John Wilpers III, another son, said Mr. Wilpers eventually talked to his family about some of his experiences, including the capture of Tojo. But partly from a habit of secrecy acquired at the C.I.A., and partly because “that generation didn’t come back and brag,” John Wilpers said, his father did not say much.
John Joseph Wilpers Jr. was born in Albany on Nov. 11, 1919, the son of John J. and Helen McCormick Wilpers. His father was in the ice supply business and later owned a succession of businesses in the Saratoga Springs area, including a speakeasy, a billiard hall and a diner, Michael Wilpers said.
Mr. Wilpers attended public school in Albany, a Roman Catholic high school in the Saratoga area and St. Michael’s College at the University of Toronto before joining the Army Air Corps in 1942. He later transferred to an intelligence unit.
Besides his two sons, he is survived by three daughters, Helen Wilpers Read, Teresa Wilpers, and Mary Armory, and seven grandchildren. His wife, Marian, died in 2006.
At the C.I.A., Mr.

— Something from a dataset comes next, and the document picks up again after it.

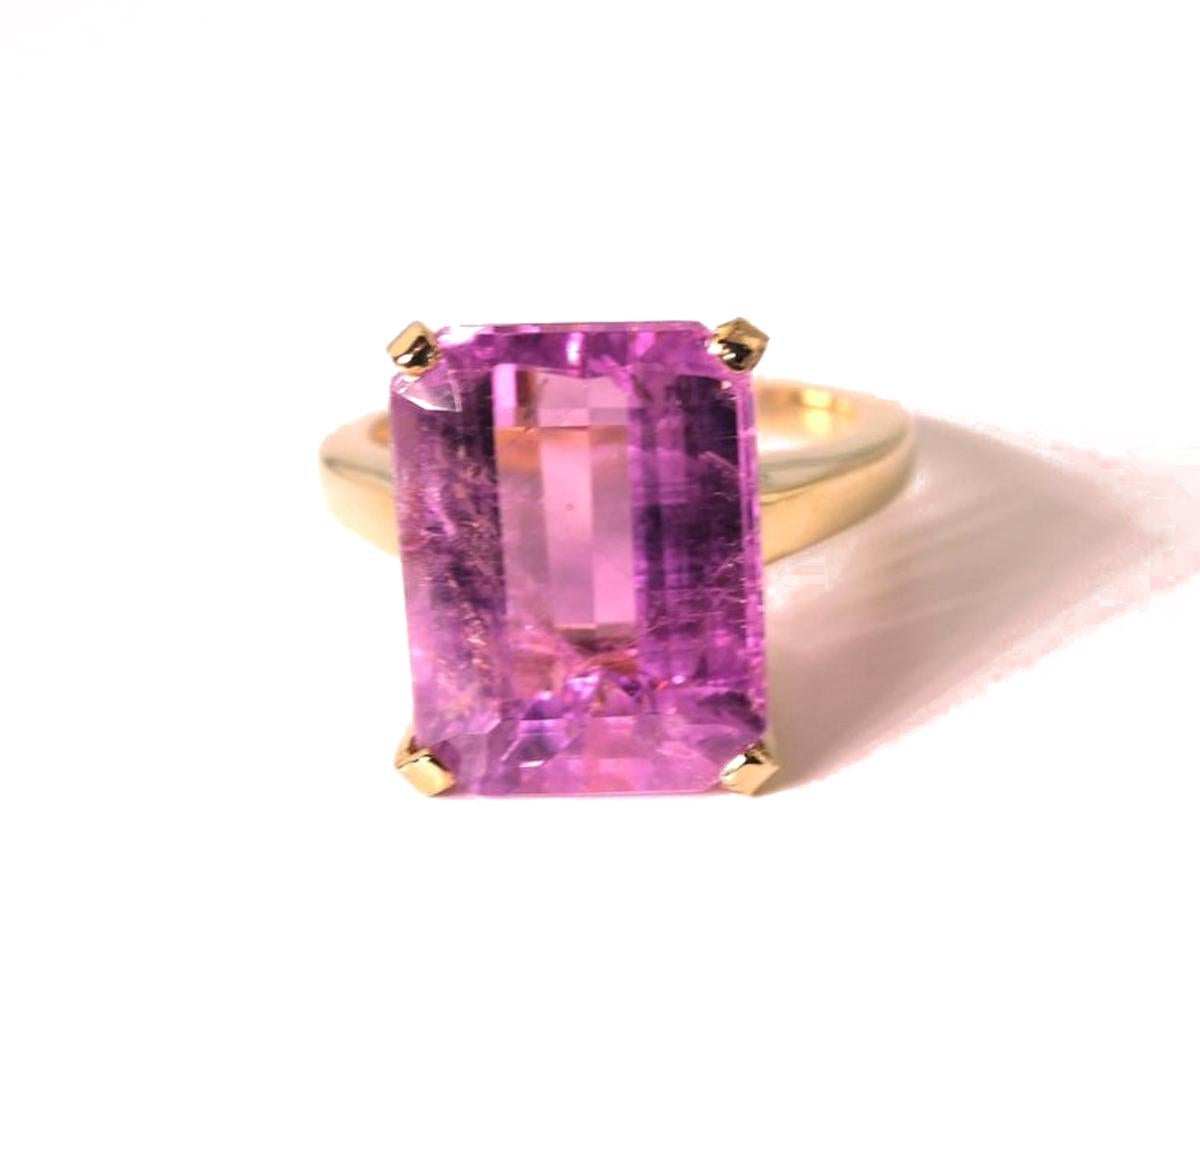 This gorgeous pinky purple 13.5 carat  Kunzite  is clear and glistening, set in a handmade unique 14Kt yellow Gold ring.  The ring is a  size 7 (sizable).  The gemstone measures 15 mm x 12 mm and is truly magnificent.   More from this seller by

Wilpers’s sons said, he specialized in gathering biographical information about Soviet and Chinese scientists, and in supervising translators for American information agencies in Eastern Europe. He retired in 1975.

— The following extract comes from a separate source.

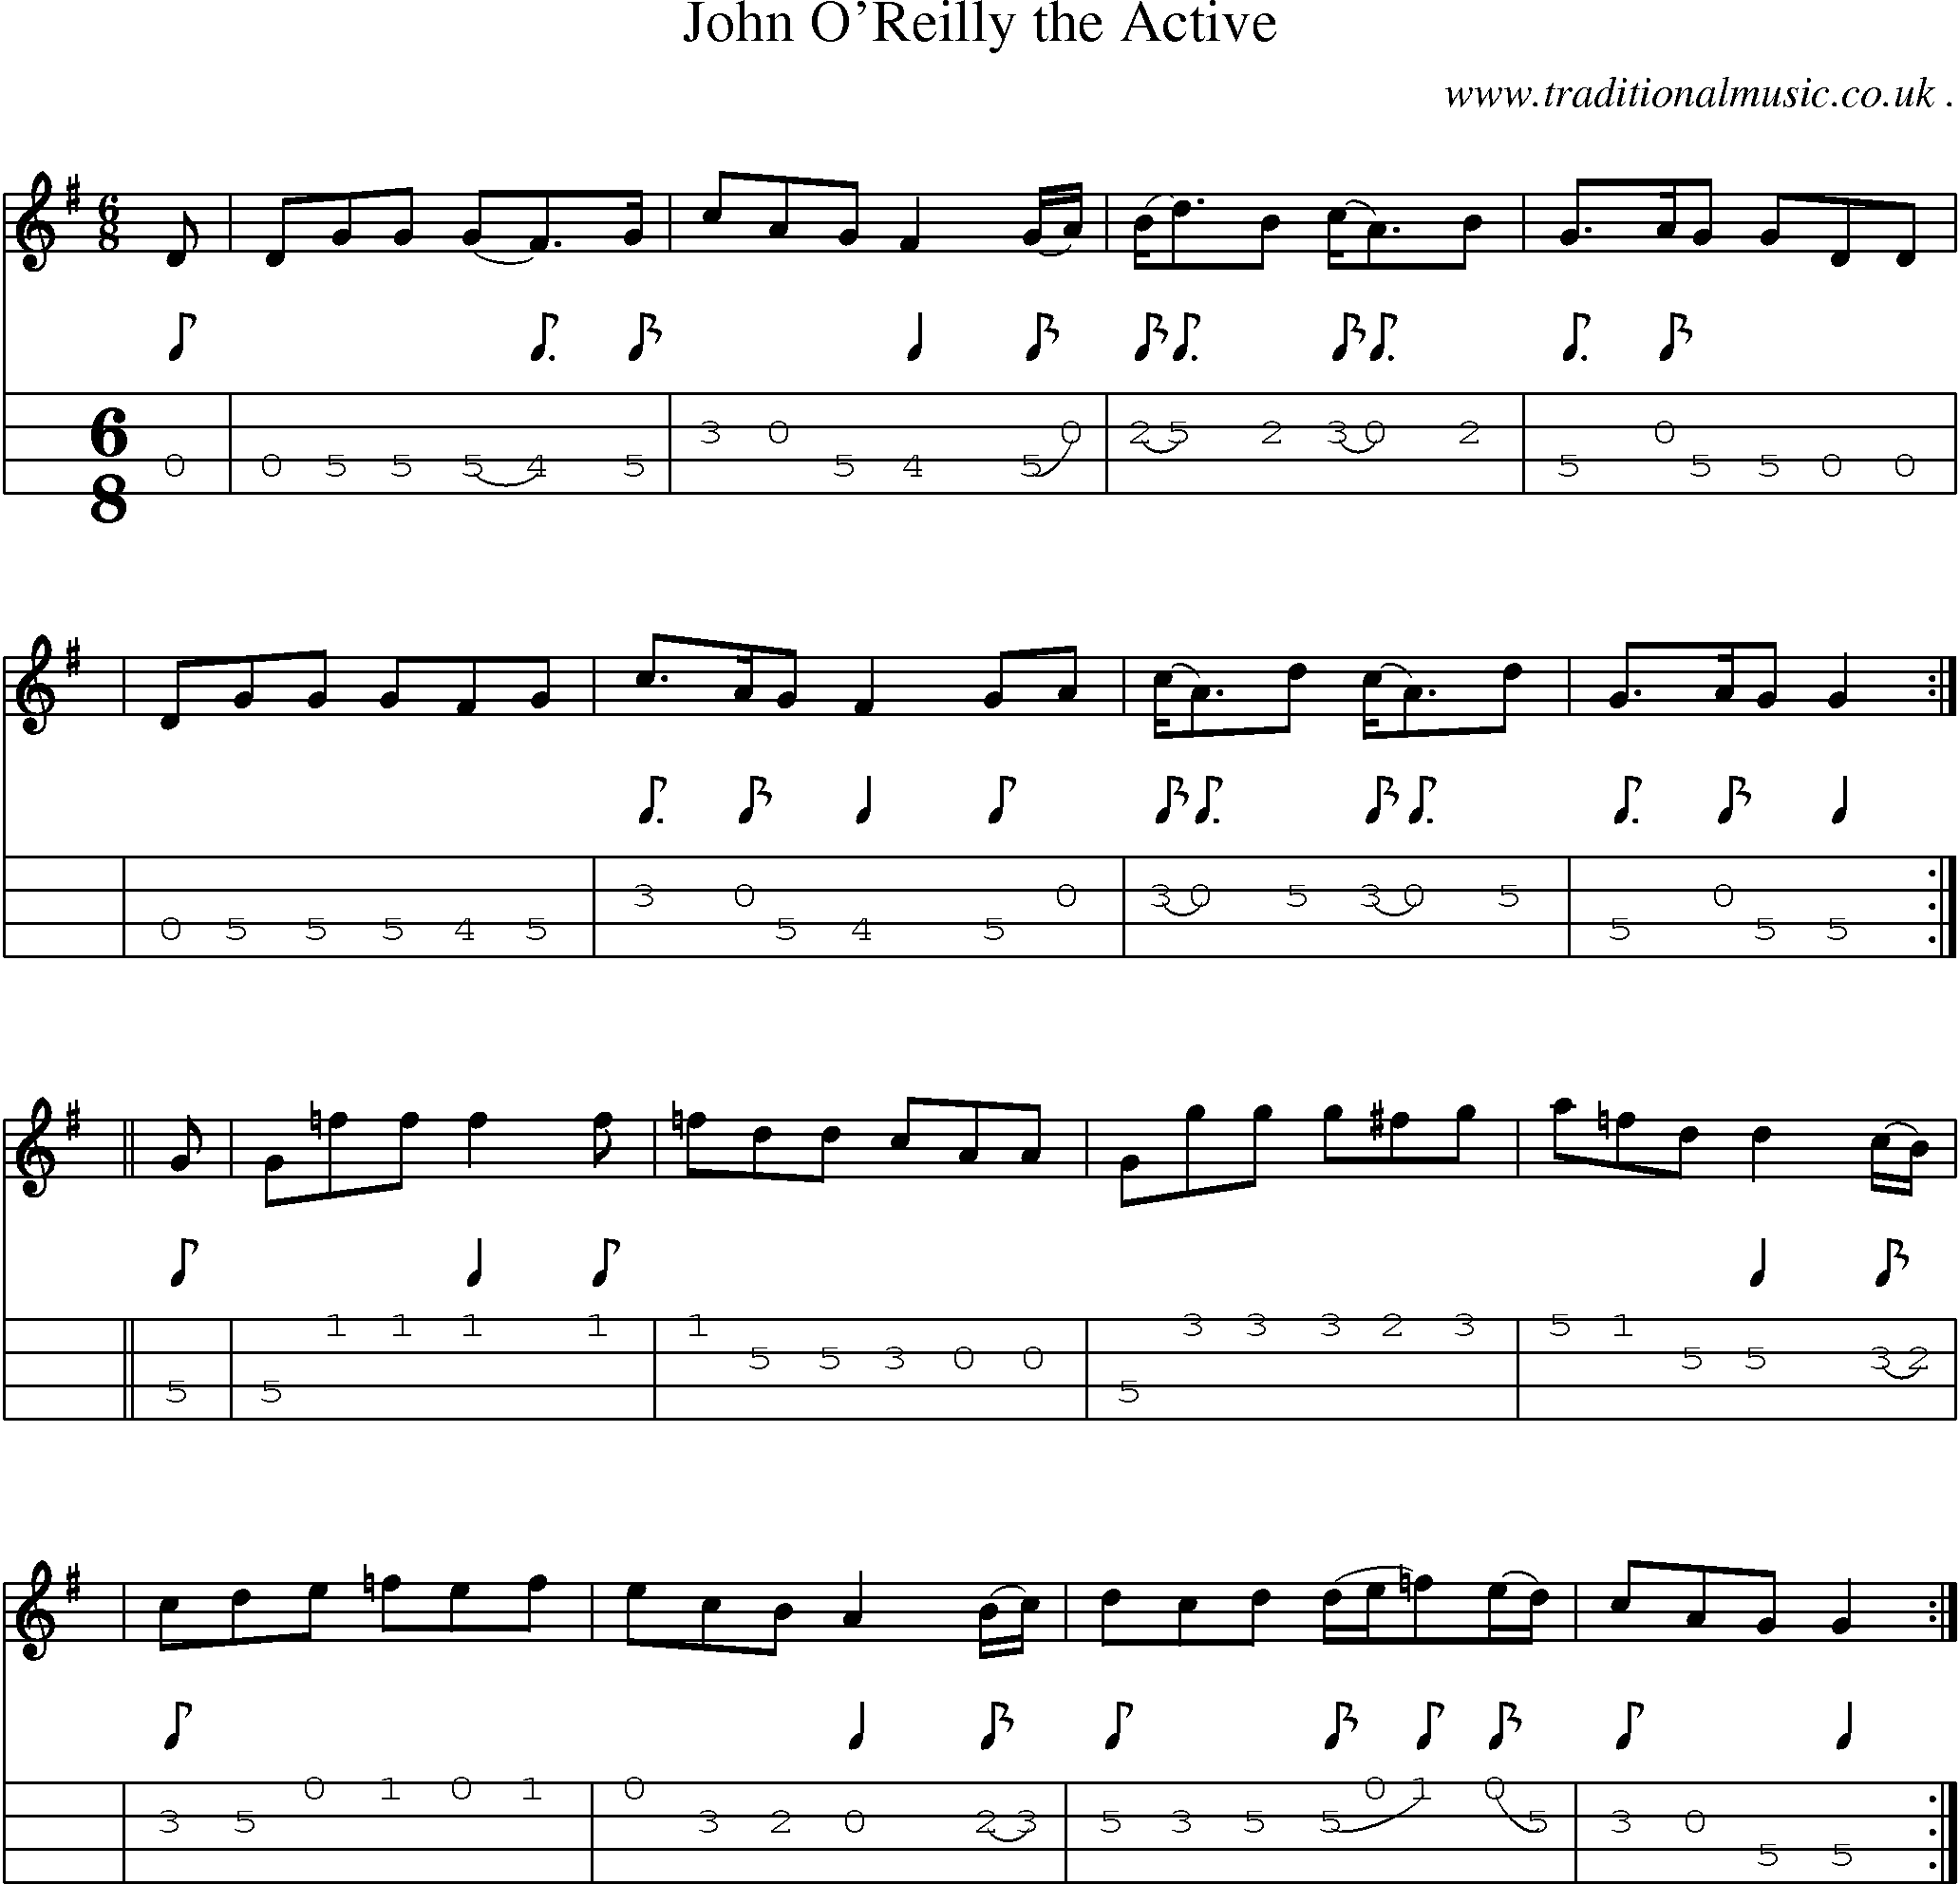 Sheet-music  score, Chords and Mandolin Tabs for John Oreilly The Active

Though reticent about the drama surrounding Tojo’s capture, Mr. Wilpers did become curious about one missing detail from that time, his sons said. As he recalled, a superior officer had recommended him for the Bronze Star; but he had never received it. Through inquiries to the Army, pursued with his family’s help, Mr. Wilpers learned that there had been some contradictory signals from top officials about awarding medals for heroic acts occurring after Sept. 2 — the official date Japan surrendered.
After an official review, Mr. Wilpers received his award in 2010. It was “very satisfying” to receive the award after so many years, he said in an interview with The Washington Post, but he had pursued it as a matter of principle, to set the record straight at the end of his life, rather than to attract attention.
“All of this was very sad,” he said of the war. “I didn’t want to do anything to describe it as wonderful. What happened happened. Like any war, it should be regretted.”